3) Bit of description got to me. "The Automat was on Forty-second Street, a great glittering high-ceilinged hall with murals on the walls and rows and rows of tables." (page 126) And what's so appealing about that? I've actually eaten in that Automat and remember doing so. It's that senior citizen thing again.

4) Finally, on page 136 there's mention of a Upton Sinclair novel called Boston that's based on the Sacco and Vanzetti case. I've never heard of that one. I'll have to read it. Or maybe I'll just reread John Dos Passos' U.S.A. Absolutely amazing how books continue to lead onto books.

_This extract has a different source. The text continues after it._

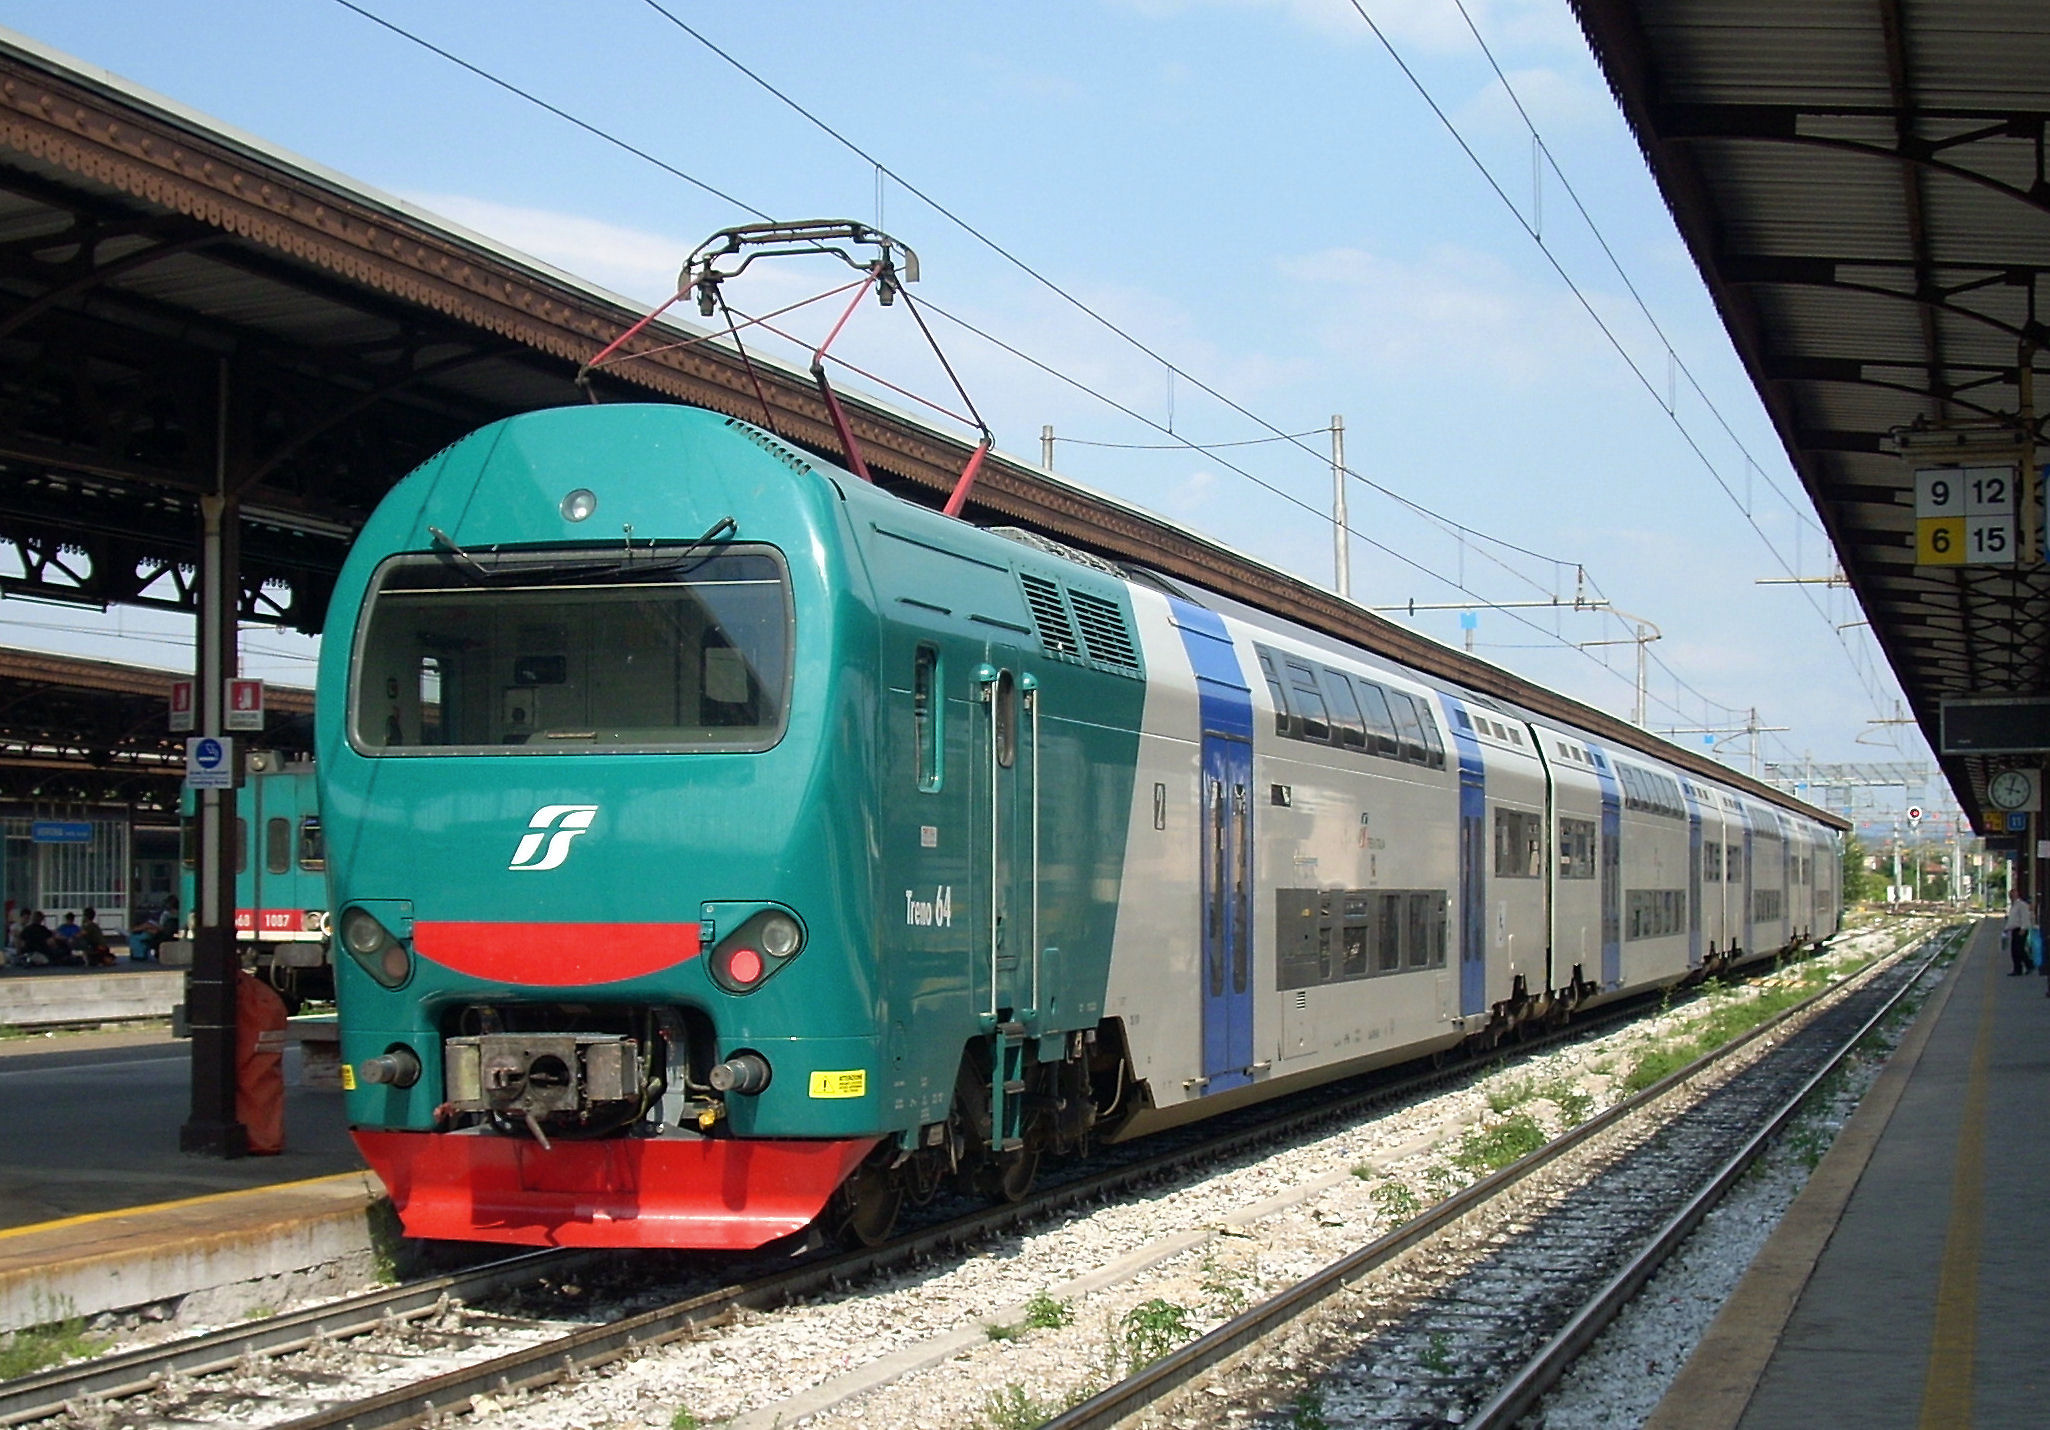 Sicurezza ed efficienza del trasporto ferroviario diventino priorità per la Regione

Sudden realization: I like this thread. In the real world--and on our "front page"--everything's scary: the economy, the presidential election, my nagging fear that McCain is gonna win, but here we talk about things we like. Or even if we don't all like the same books, it doesn't mean worlds are going to fall apart. Okay, maybe we're hiding our heads in the sand, but everyone needs "A Clean, Well-Lighted Place" sometimes. Why the capitals and quoes? It's a Hemmingway story that if you haven't read, you should--even if you don't like Hemmingway.

A Clean Well-Lighted Place


Currently reading: Best American Mystery Stories edited by Lee Child and Otto Penzler. AARGH!